__Problem requirements__. Write the listing below out again exactly, dropping the images.

__Available data__.

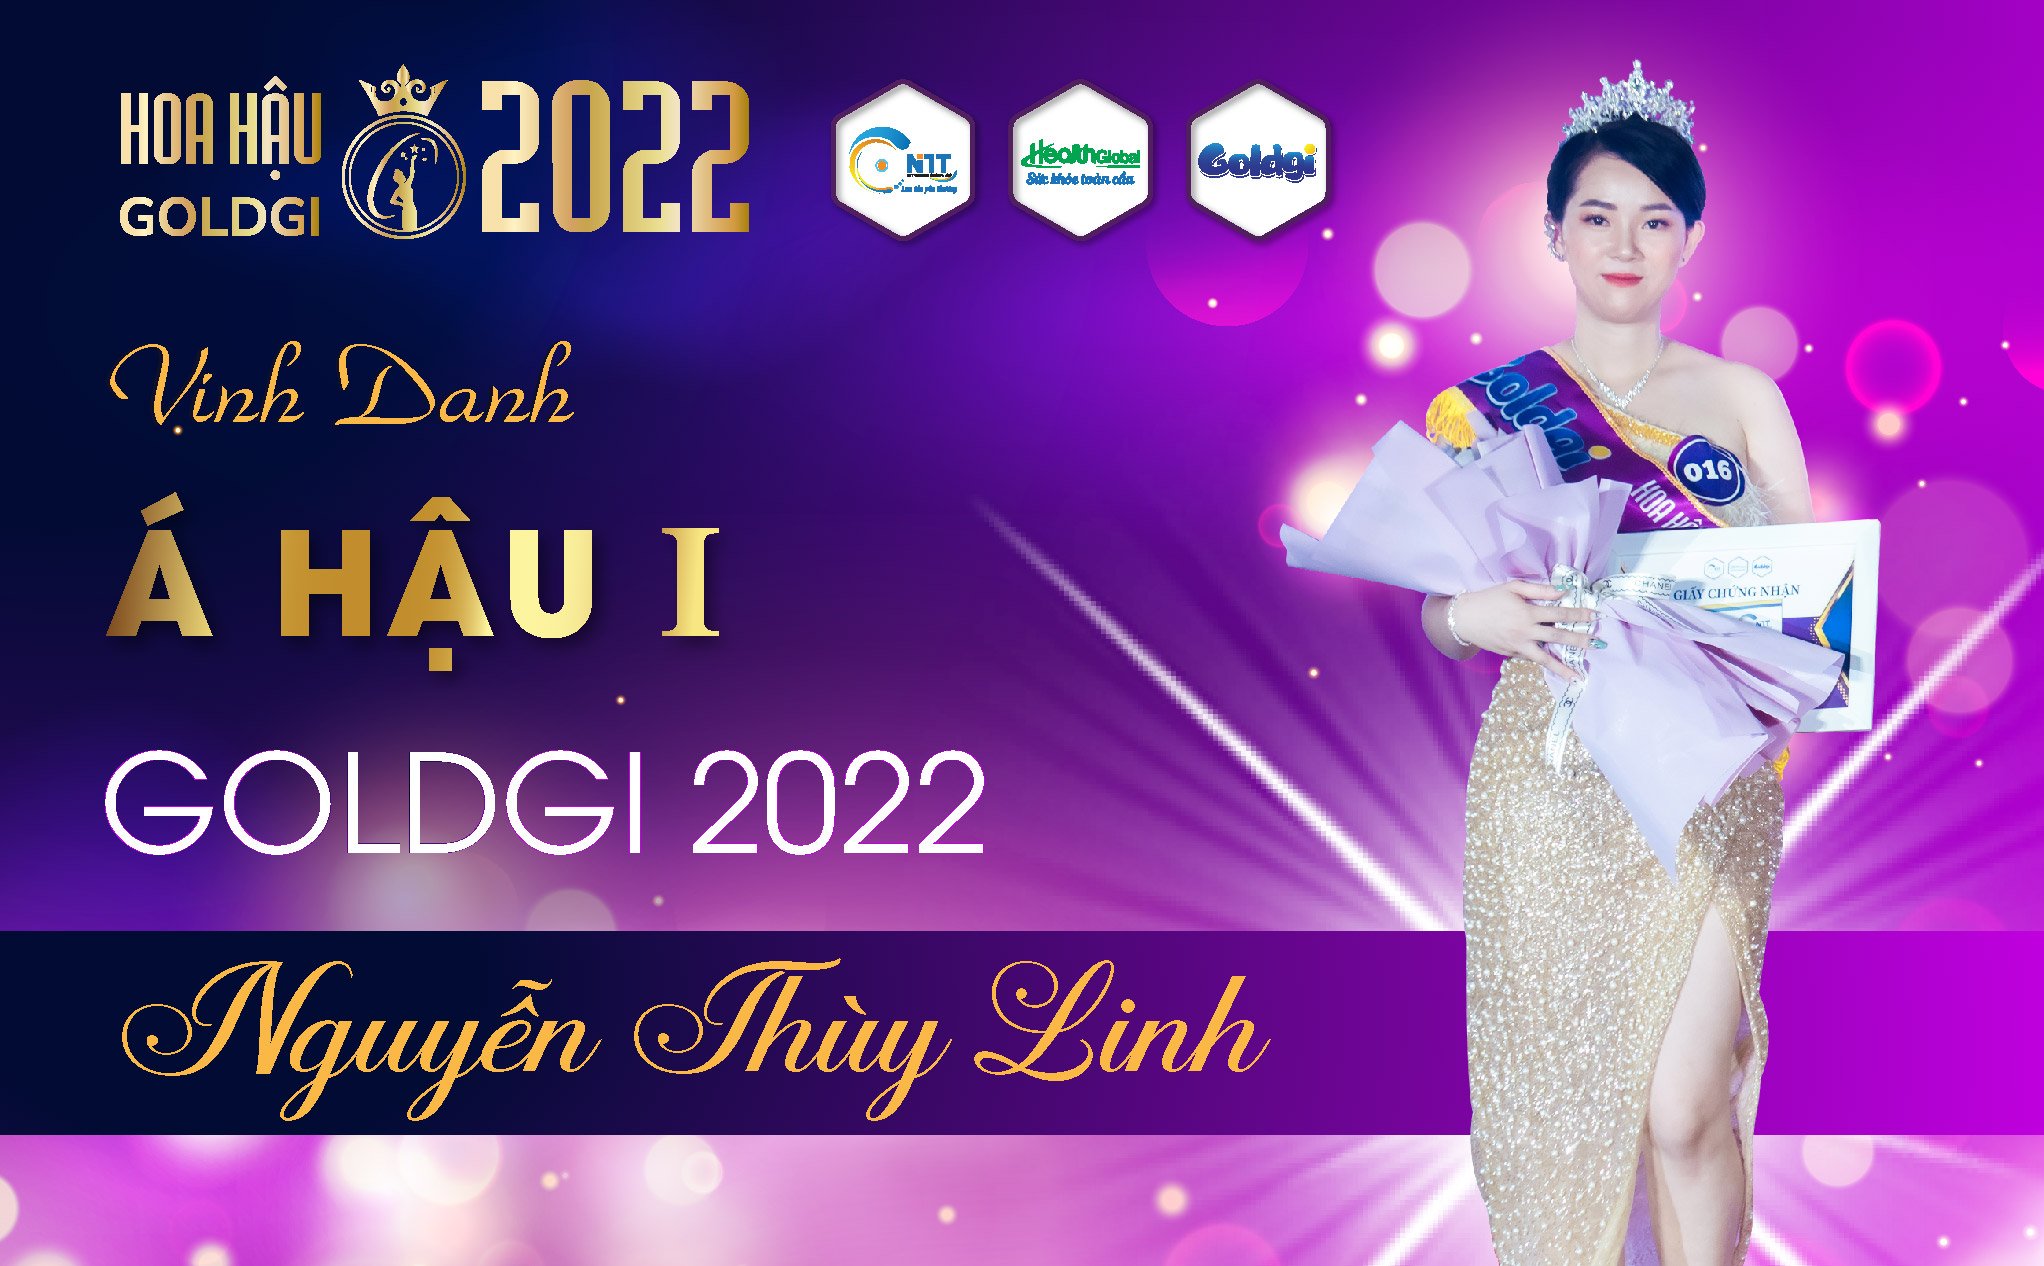 Á hậu 1 Goldgi 2022 gọi tên chị Nguyễn Thùy Linh - đại diện Bitimart Thanh Hóa
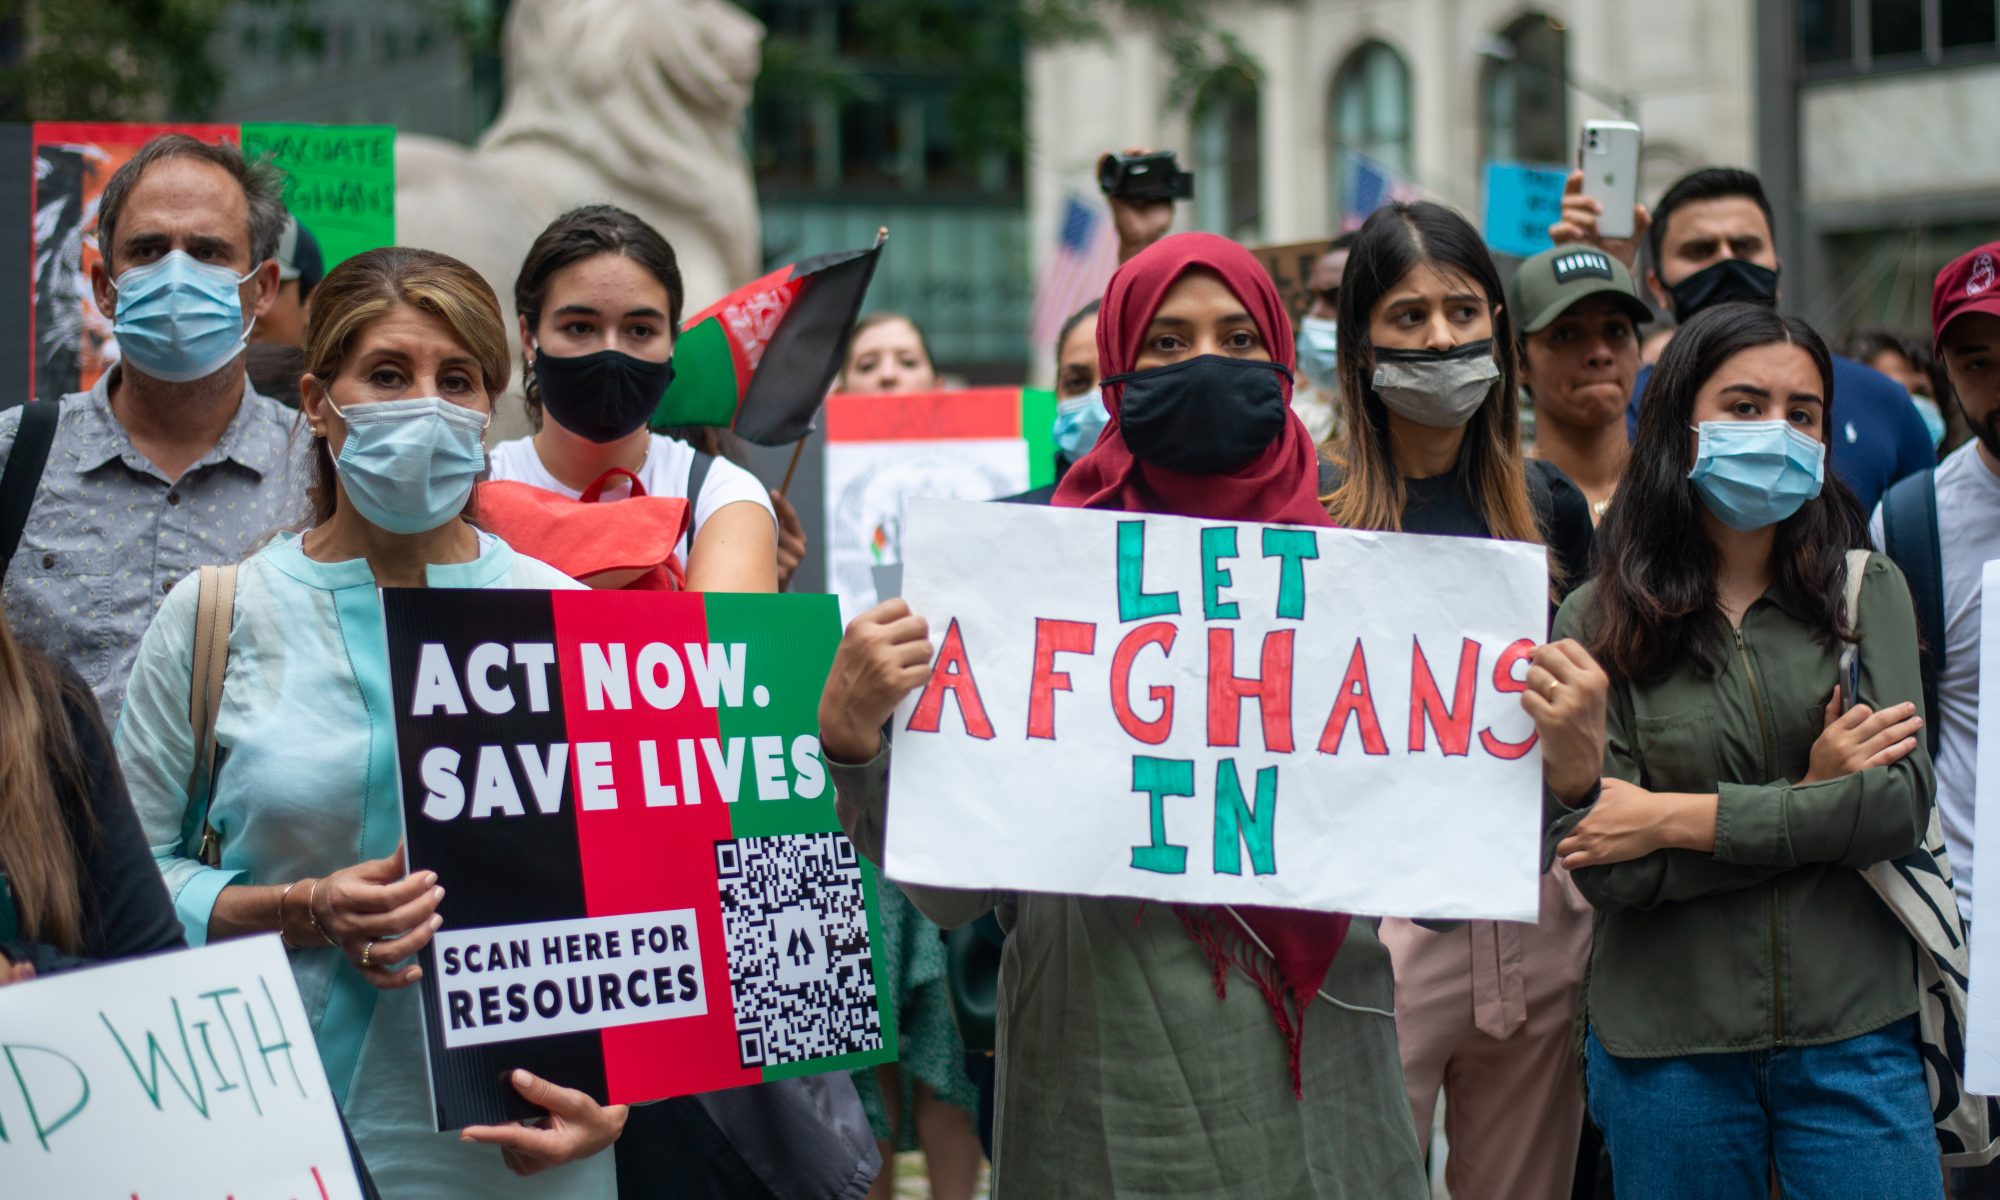 Eine Gruppe steht zusammen und hält Plakate hoch. Auf den Plakaten steht "Let Afghans in" und "Act now, save lifes"
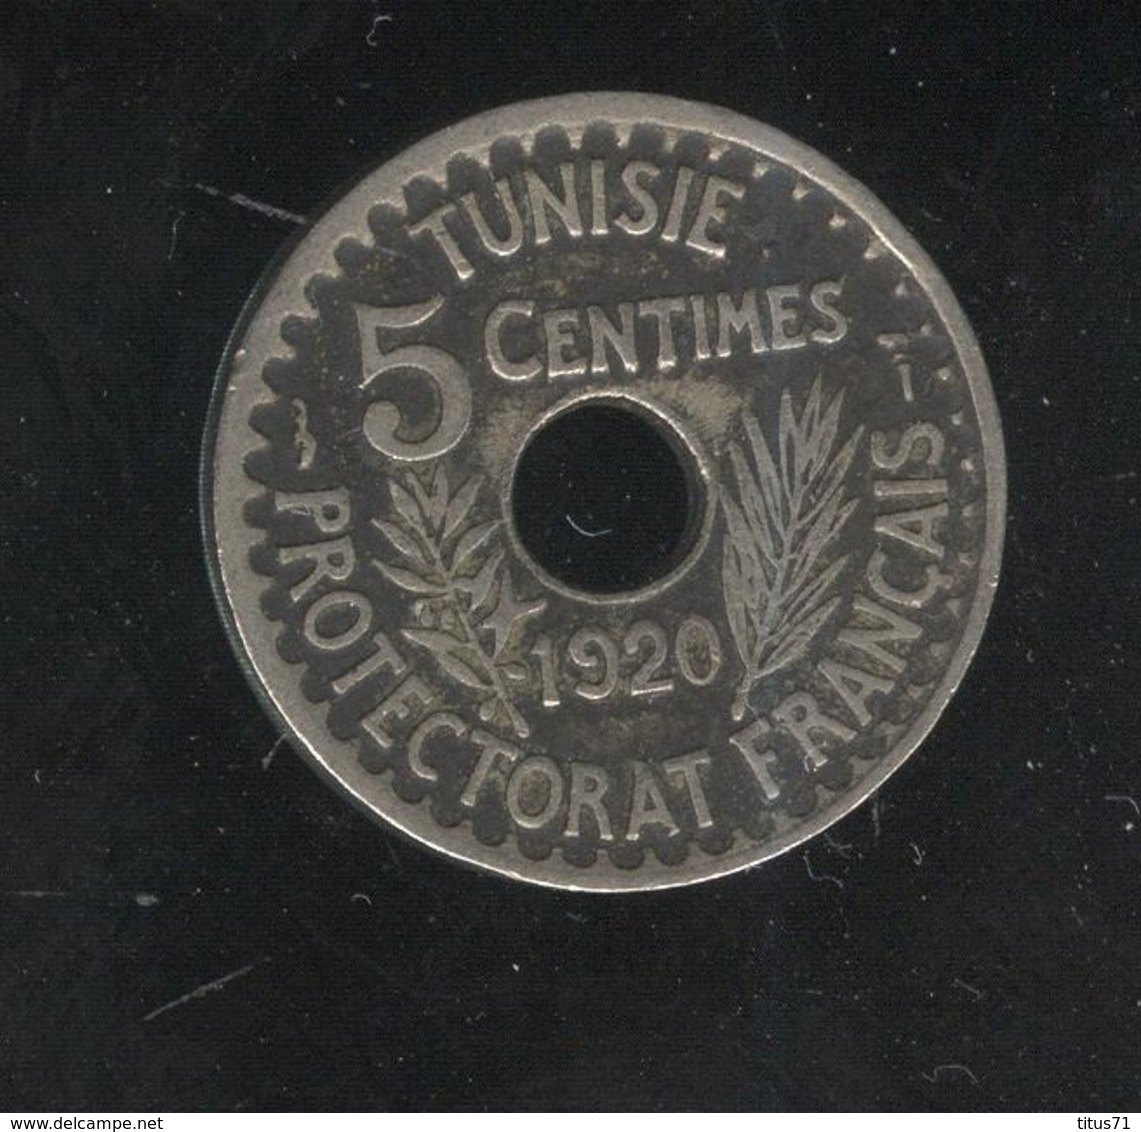 5 Centimes Tunisie 1920 Grand Module Protectorat Français - Tunisie

__Response for this exercise__.
 Á hậu 1 Goldgi 2022 gọi tên chị Nguyễn Thùy Linh - đại diện Bitimart Thanh Hóa
 Eine Gruppe steht zusammen und hält Plakate hoch. Auf den Plakaten steht "Let Afghans in" und "Act now, save lifes"
 5 Centimes Tunisie 1920 Grand Module Protectorat Français - Tunisie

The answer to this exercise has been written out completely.